Overview of image annotation levels used in digital pathology. Taken from Lee et al. 2021 Front. Artif. Intell.
Building a dataset for training machine learning models can be arduous. The time required to manually produce accurate "ground truth" labels increases drastically as the resolution of the annotated objects increases. Consider the time it would take to add a tag to an image as a whole compared to how long it would take to segment and label each tumor in that slide (this is what we did to train GLASS-AI). Building a machine learning model using individual cell annotations would require annotating every cell in a single image, a nearly Sisyphean task. Several programs can perform the segmentation of individual cells. However, each of those thousands of tiny shapes still needs to be labeled.

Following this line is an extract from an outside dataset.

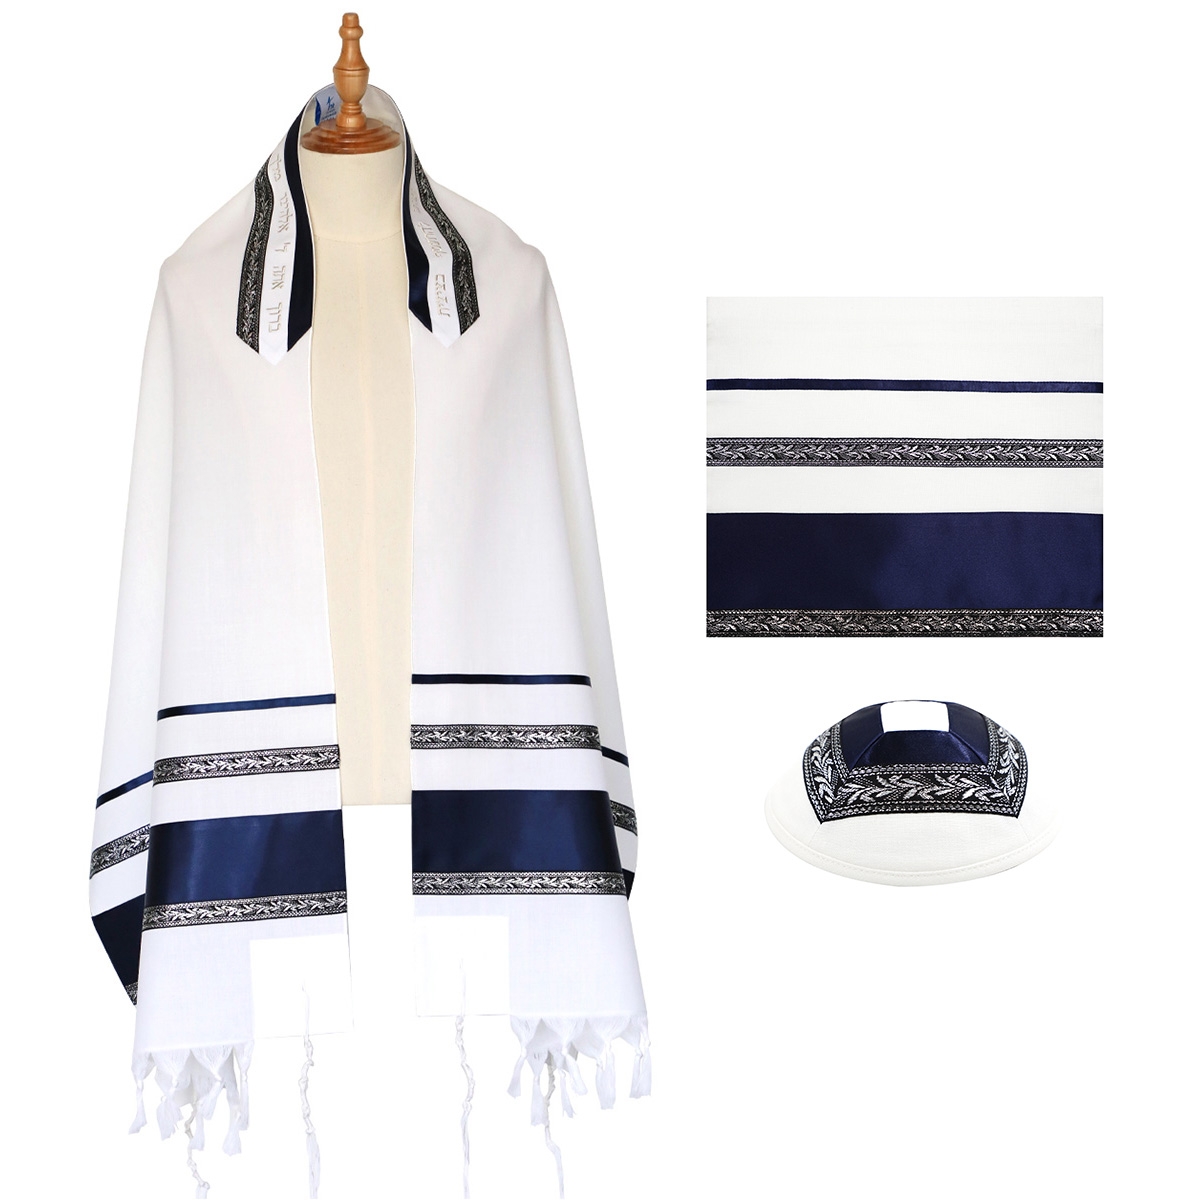 Eretz Judaica "Gur" Wool Prayer Shawl Set for Men with Blue and Silver Stripes - 1

Example images from H&E stained lung tumor and two adjacent slides stained for different molecular markers (top) Computational cell segmentation and signal extraction for data set generation (bottom).
While labeling cells by type manually is a daunting task, we routinely do this in the lab using immunohistochemistry (IHC) for cell-specific markers. We reasoned that we could extract the signal from these stained slides to compute labels for the individual cells. We used IHC-stained slides adjacent to a hematoxylin & eosin (H&E)-stained slides that were digitally aligned to segment and label cells within the H&E-stained slide. However, this approach can also be applied to serially stained sections to increase cell-to-cell registration accuracy.
An example machine learning model trained using automated cell-level annotations. Taken from Lee et al. 2021 Front. Artif. Intell.
Using the generated cell-level labels, we can train a machine learning model to segment and classify individual cells in tissue slides. The ability to generate training data for both abundant and rare cell types in a section is a tremendous advantage when training new models.
A general description of this approach was published in Lee et al. 2021 Front. Artif. Intell.